3) It was possible to comfirm the formation of nickel boride at the temperature of exothermic change, judging from the X-ray diffraction pattern of electroless Ni-B deposits.

Electrodeposition of Copper from Ethylene-diamine Bath

Investigations were made on the formation of chelate by the reaction between cupric ion and ethylene diamine (En), and the effect of pH on the structure of chelates.
The following results were obtained.
1) The chelate compound (CuEn)²⁺ was formed by the reaction between En and cupric ion in the pH range of 3.5-5.5 and the compound (CuEn₂)²⁺ was formed in the range of above 6.0. However, in the range of 5.5-6.0, the both complex ions, (CuEn)²⁺ and (CuEn₂)²⁺, were formed.
2) Bright deposit of copper was obtained on steel with good adhesion from (CuEn₂)²⁺ chelate solution.
The optimum condition of the electrolysis was as follows.
CuSO₄·5H₂O……75-125g/l pH …… 6.5-8.7
En ……40-65g/l Temperature …… 10-50°C
Na₂SO₄·10H₂O …… 50g/l Cathodic current density…… 1.5-2.5amp./dm²
(NH₄₎₂ SO₄ ……50g/l
The current efficieney under the above condition was above 95%.

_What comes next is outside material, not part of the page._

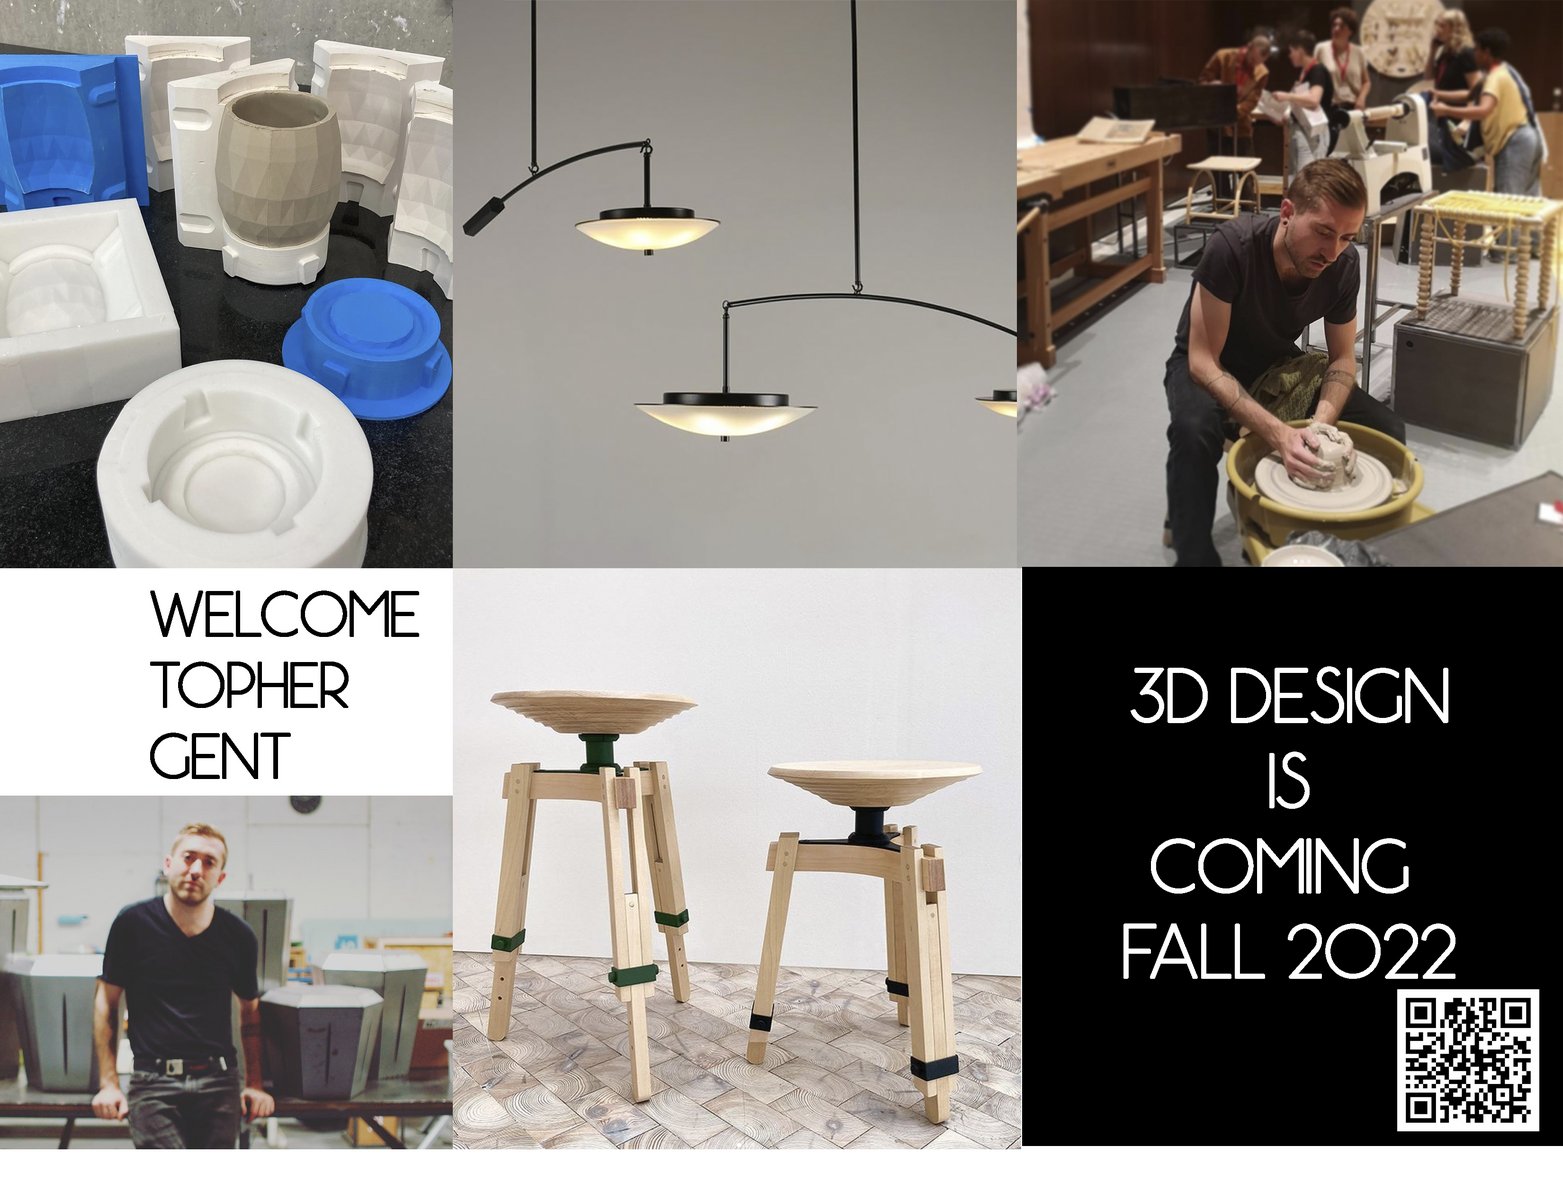 Fall 2022 3D Design courses

Relationship of Crystal Grain Size to Nitriding of Steels

Investigations were made on the relation between salt bath nitriding and crystal grain size of steel, which had been annealed at various temperatures and refined.
The results obtained were summarized as follows.
(1) The relation between nitriding temperature and hardness was as follows.
After some specimens of SACM 1 and S45C steels, having various crystal grain sizes, were subjected to nitriding, the change in their surface hardness did not depend on their initial grain sizes, but was found to be almost in the same trend for every size.
However, the depth of hardened layer was decreased with the increase in crystal grain size.
(2) The surface of every specimen was mose rough with the rise in nitriding temperature.
(3) The surface hardness after re-heating for diffusion was indifferent to the crystal grain size, but was in the same trend for every specimen.
(4) The fatigue limit was more improved when the grain size was finer.